In the meantime, I have lost all attraction for the Infinite Eclipse... At 1/15 (or even 1/21, 1/30), I no longer see the point of going for the post-processing control. Bringing my release day from January 26 to 12 and then to 6 is a lot of effort for a very small gain. I'll gladly wait for Islatravir to bring the issue back up.

The fact remains that the 'true' tank can go in 3 directions: up, steady or down. If the hypothesis that the time to rebound is proportional to the 'true' tank is correct, then the rise of the tank should shorten the Eclipse to the point of dropping those who have been in super-intermittence for a long time. However, this is not observed.Rothenberger's study does seem to show a negative (and significant) relationship between Eclipse and time spent off treatment. If this were true, it would keep veterans and those treated too late from a near remission (1/15, 1/21...), but not the others. However, the (too?)-early treated are, in proportion, more and more numerous. The (too?)early treatment is to the detriment of the patients, except for those who have understood that the introduction of super intermittence in their strategy reverses this detriment favorably.

In a very next post we will go hunting for the predictive factors of the Eclipse!

Integration, tank, eclipse, drowning: same fight!

Integration, reservoir, eclipse, drowning are facets of the same specificity. In our context, the article Pro-Bono of Total HIV-1 DNA, a Marker of Viral Reservoir Dynamics with Clinical Implications. (Avettand-Fènoël , Rouzioux & al.) and stop believing in everything and anything.

Is it even possible that the DNA goes up while the RNA does not? Show me a single case where you have a DNA rise in a context of no RNA rise. Only one case... So try to invalidate the assertion I am making here: Under RNA kept undetectable, DNA never goes up. Never!

Answer this obvious observation: there is an obvious and repeatedly demonstrated Eclipse of HIV, while there is no Eclipse of HBV. However, these are the same drugs (TDF/F-3TC), and therefore the same pharmacokinetics... S+/HBV+ are excluded from Quatuor (ask yourself why?) while S+/HBV- pass with flying colors and are candidates for OMNIBVS?

So go take a look at what integration is all about.

That the constitution of the reservoir is very early in the infection is generally accepted... This is what archives the founding virus and makes possible its ultra-majority resurgence, without treatment, that is, for all practical purposes, the therapeutically relevant disappearance of the acquired mutants, i.e. Drowning. Of course, it is necessary to give it time (therefore to have it) as it is attested in the publication FASEB-2.

Weekly intake and 1/15

Sunday the 26th will be my Liberation day!
Note: I just published my catch chart.

In the news

- ViiV has been rejected by the FDA for its injectable. Officially for a technicality see here. Well... it's only a postponement, and maybe a good plan for ViiV which could ask for an extension of its patent. Nevertheless, the usual parrots have kept you uninformed, that is to say trained, formatted, as agreed in the specifications.
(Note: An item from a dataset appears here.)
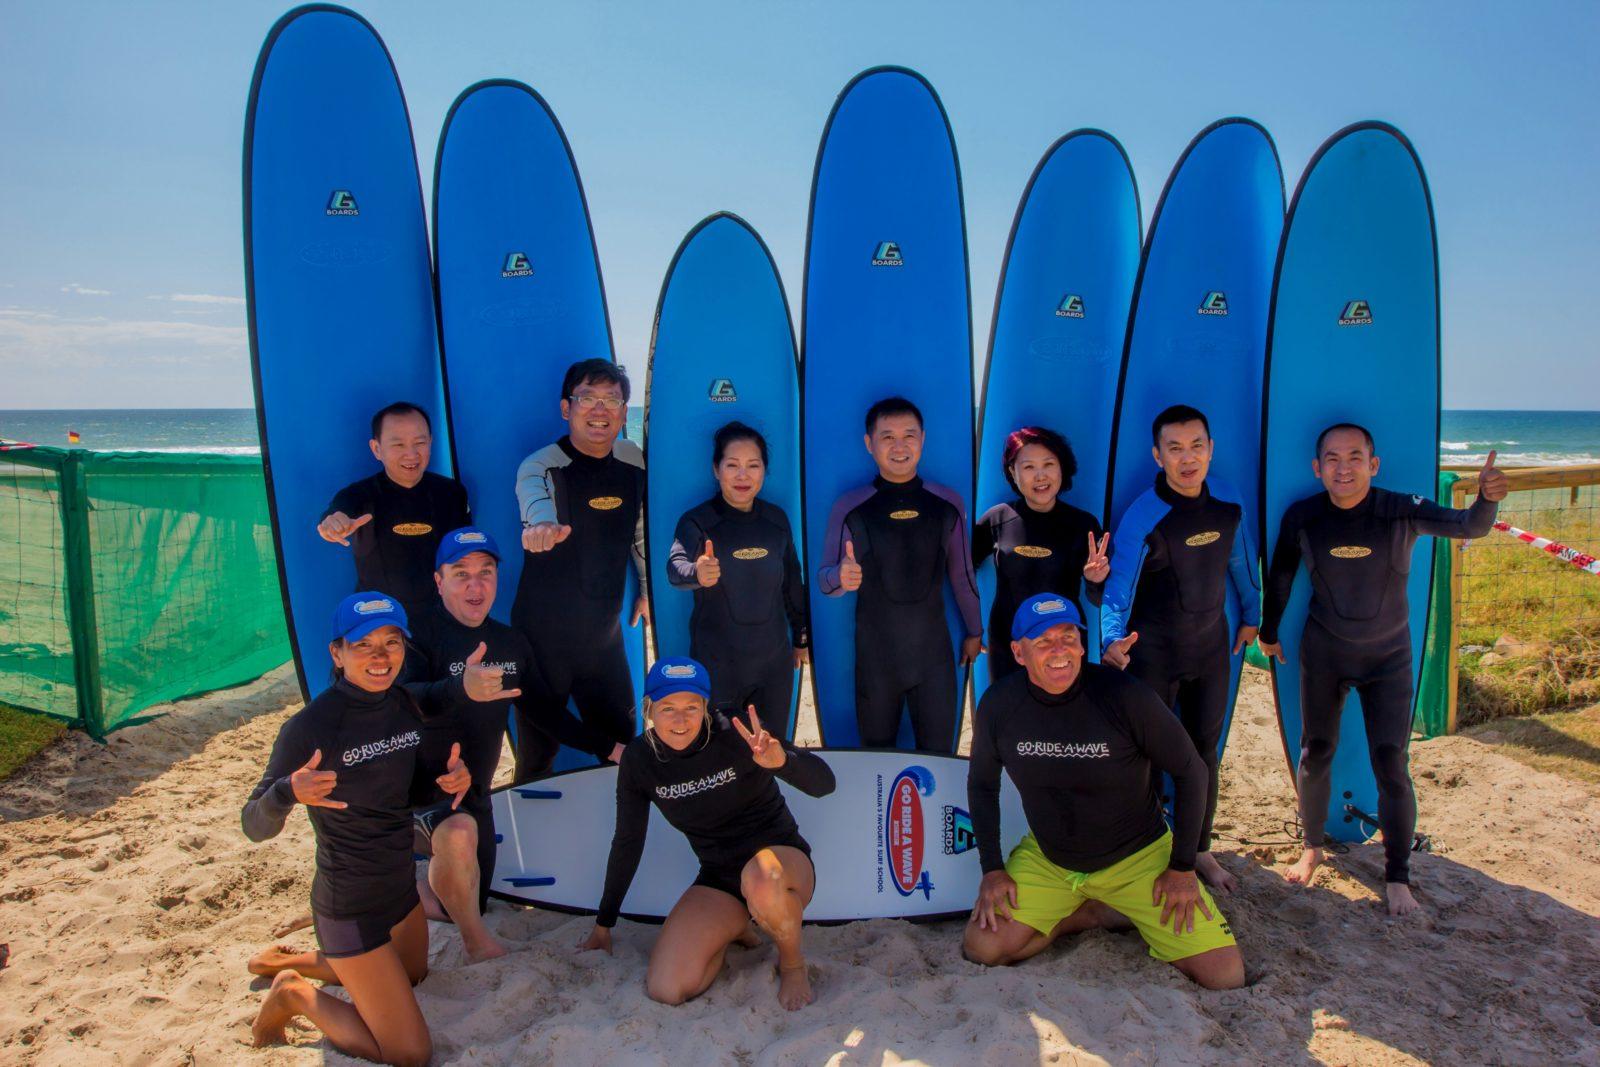 Go Ride A Wave Gold Coast

- The pearl of the moment:(in Le Figaro): Denis Moreau: 'It is not because I am a believer that I am a fool!'. Well yes, precisely... To think is to give oneself the freedom to change one's mind, to believe is the opposite.

- Where do we find data on the Eclipse? In the trials on vaccines! For example. NCT02767193. Well... I'll read this and we'll see what we can learn from it...

Have a good weekend, good stuffing and not too many meds... Right?